#### [Requirement]
Reproduce the listing in full, exactly as written, but without images.

#### [The data]
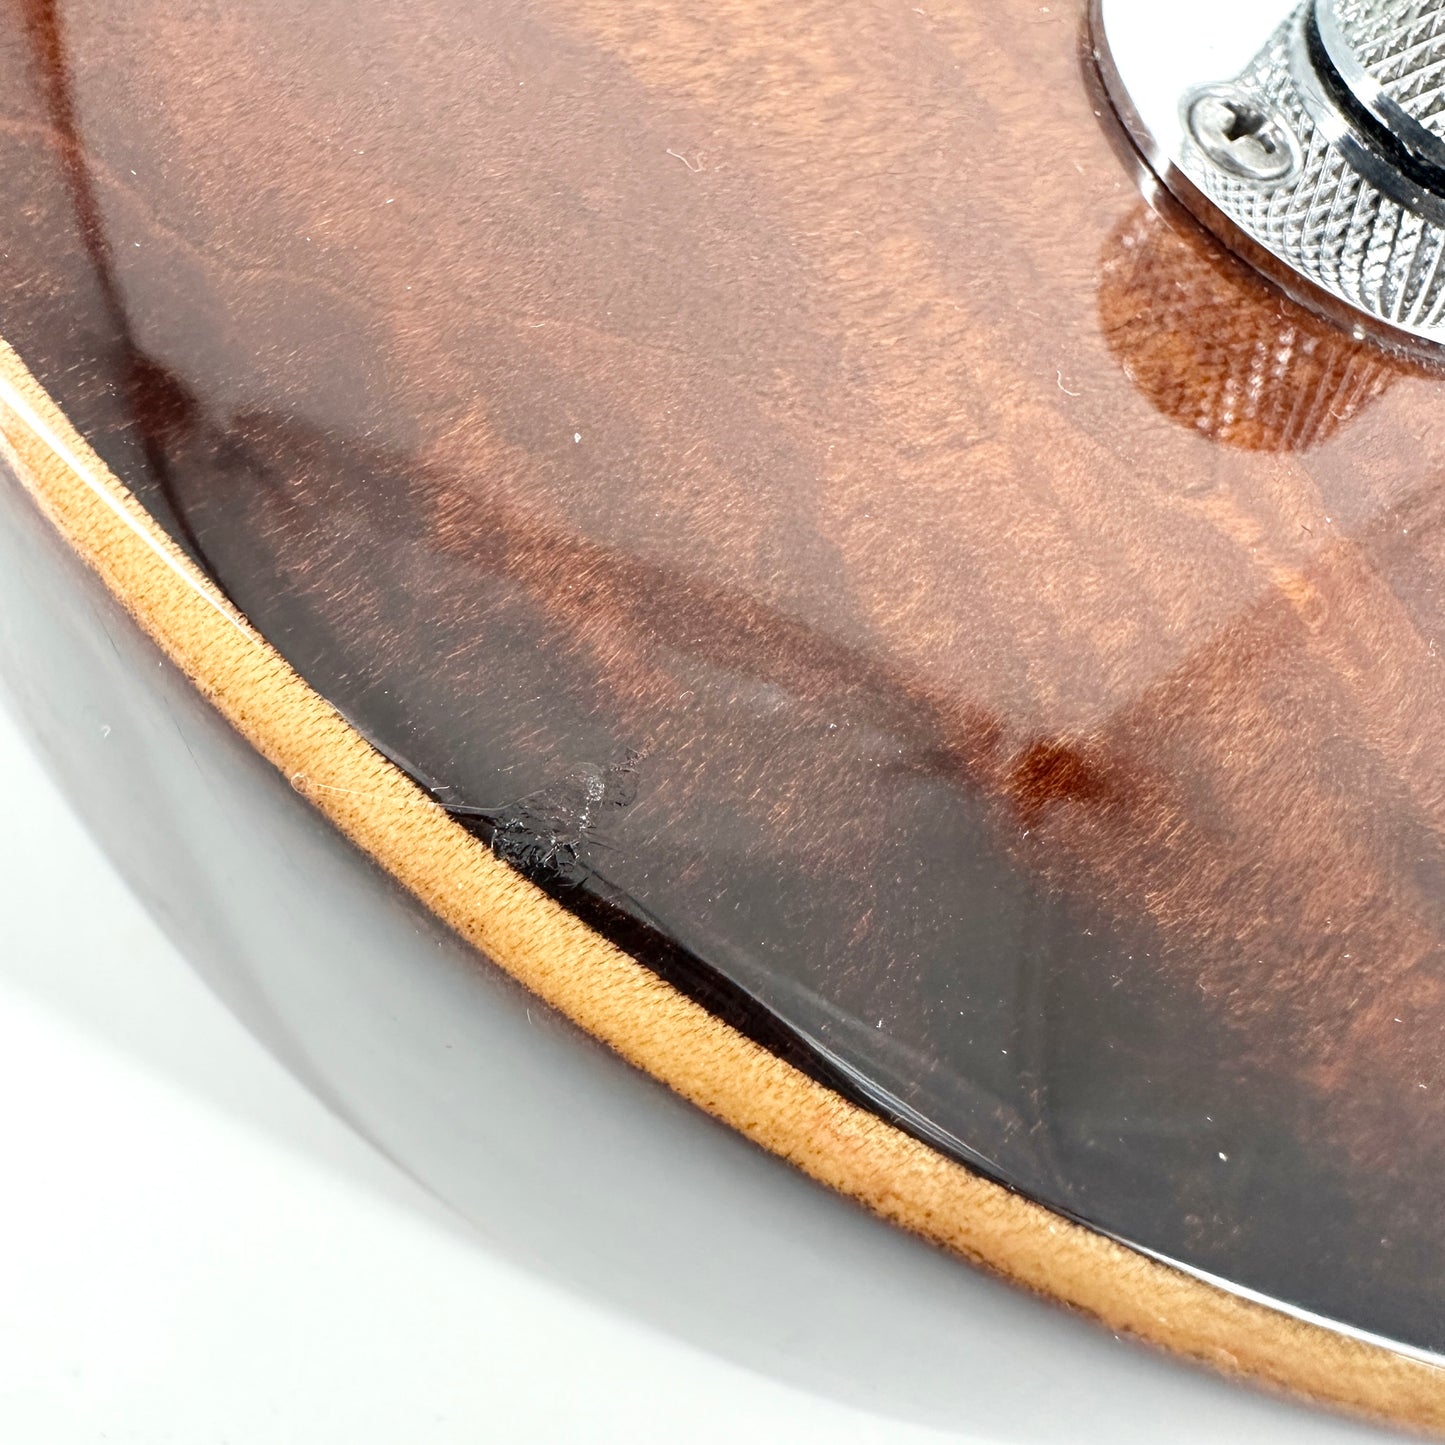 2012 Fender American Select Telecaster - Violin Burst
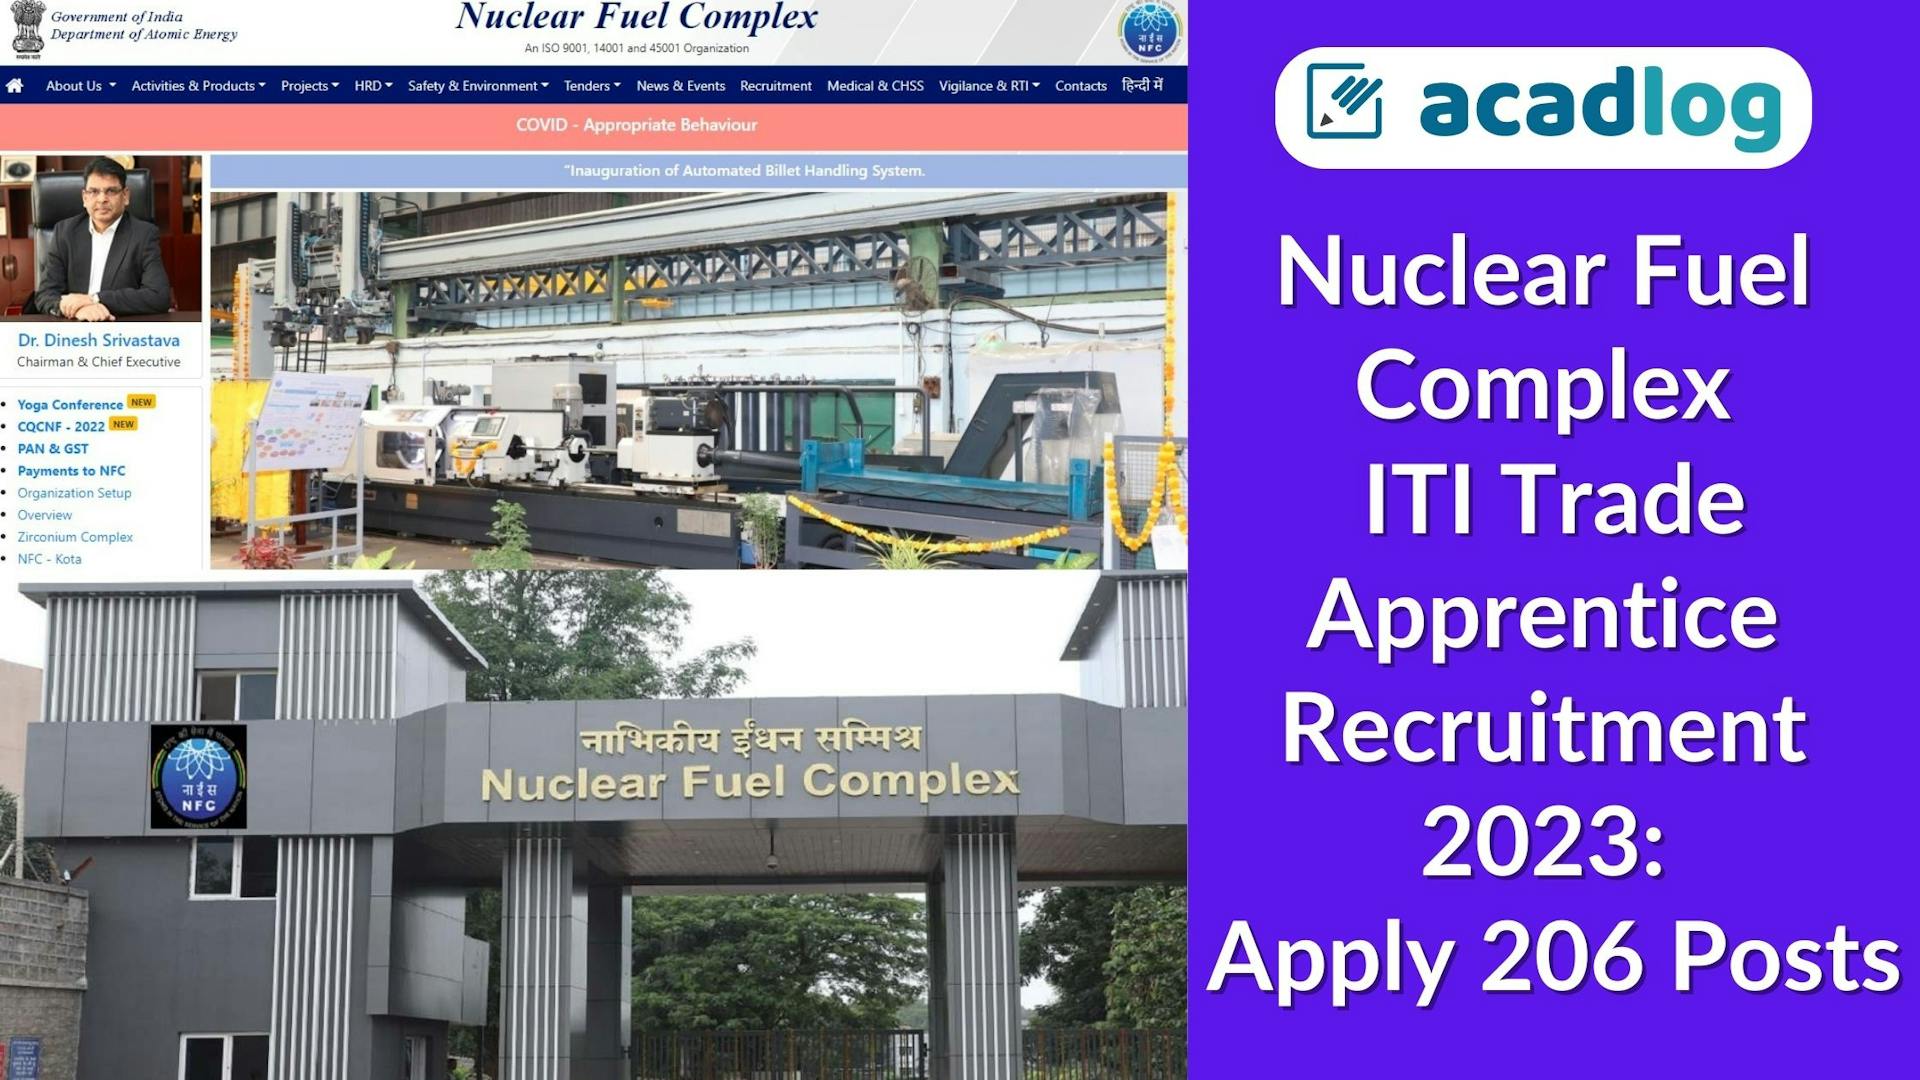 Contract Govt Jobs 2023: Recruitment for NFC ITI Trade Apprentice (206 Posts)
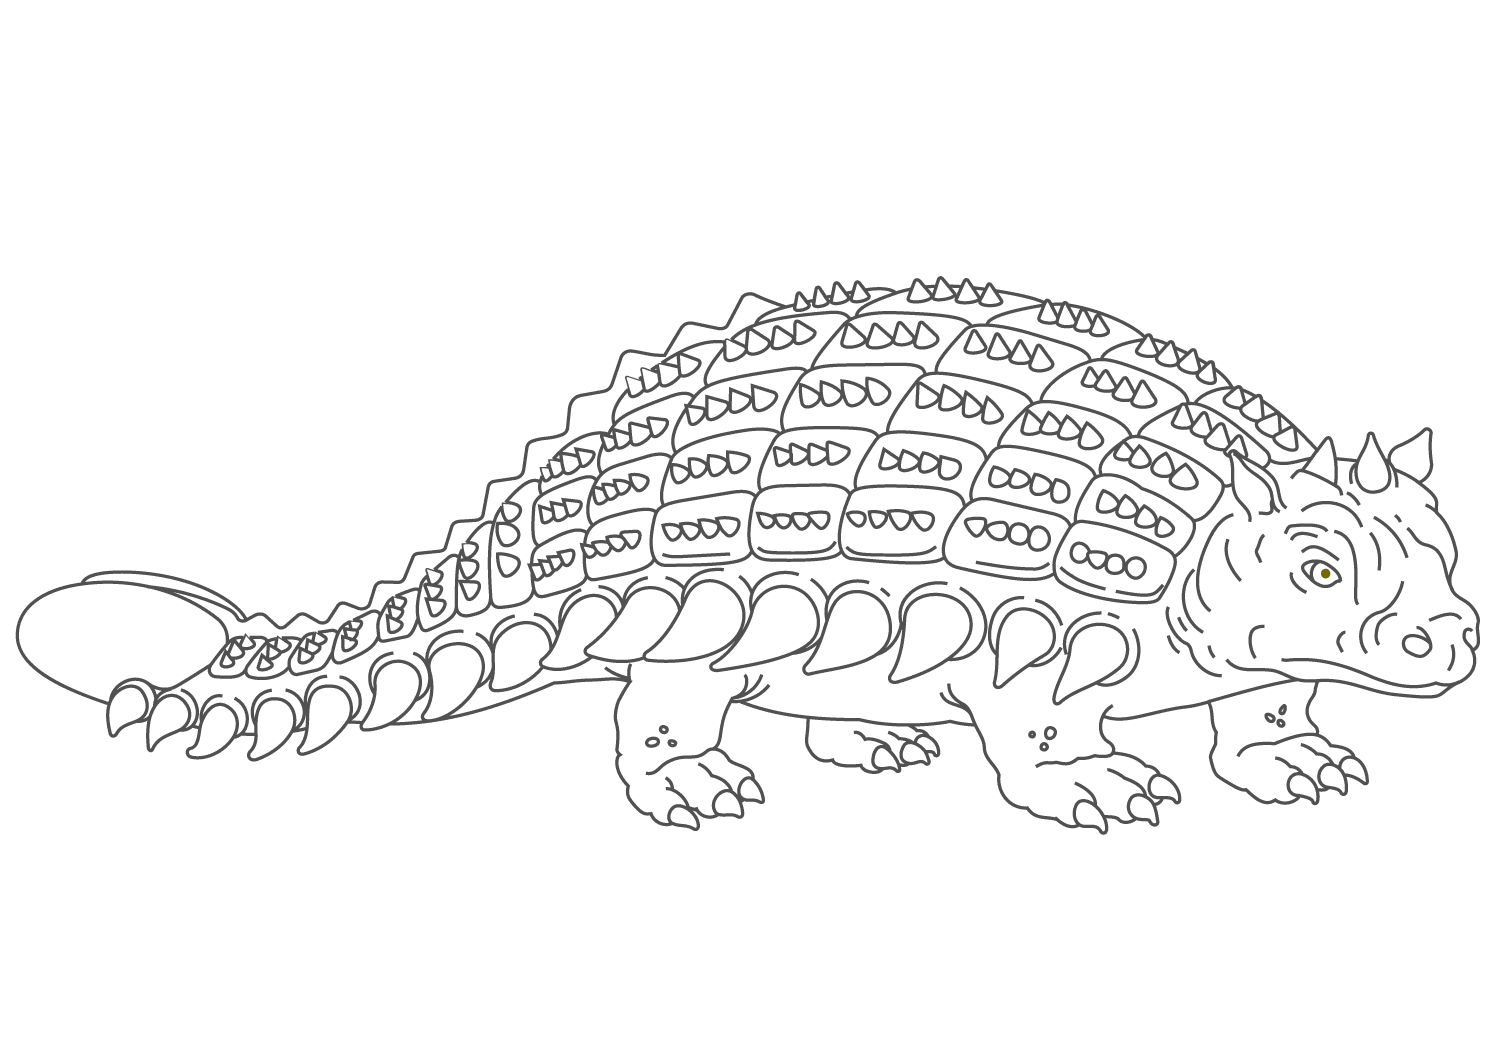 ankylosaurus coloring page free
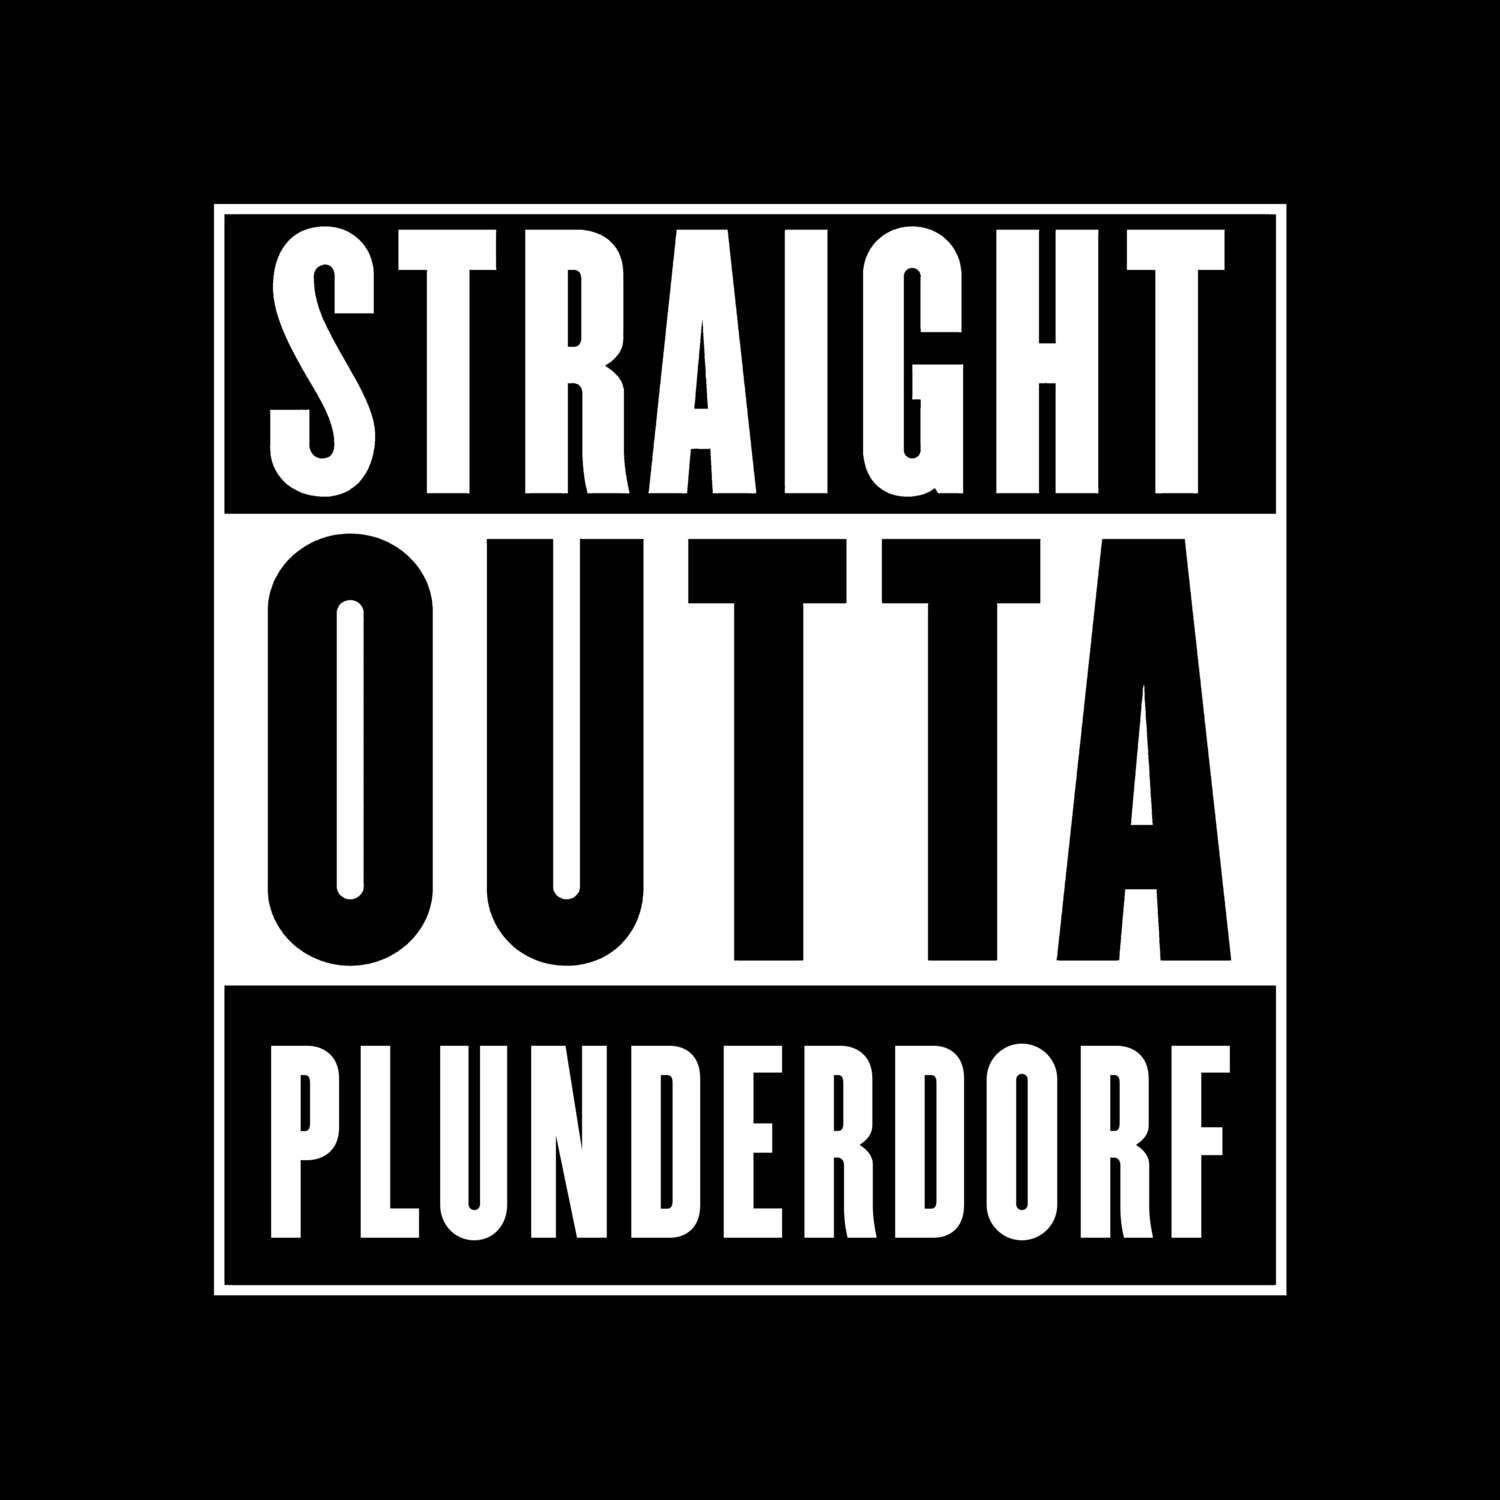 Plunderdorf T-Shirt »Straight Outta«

#### [Expected answer]
 2012 Fender American Select Telecaster - Violin Burst
 Contract Govt Jobs 2023: Recruitment for NFC ITI Trade Apprentice (206 Posts)
 ankylosaurus coloring page free
 Plunderdorf T-Shirt »Straight Outta«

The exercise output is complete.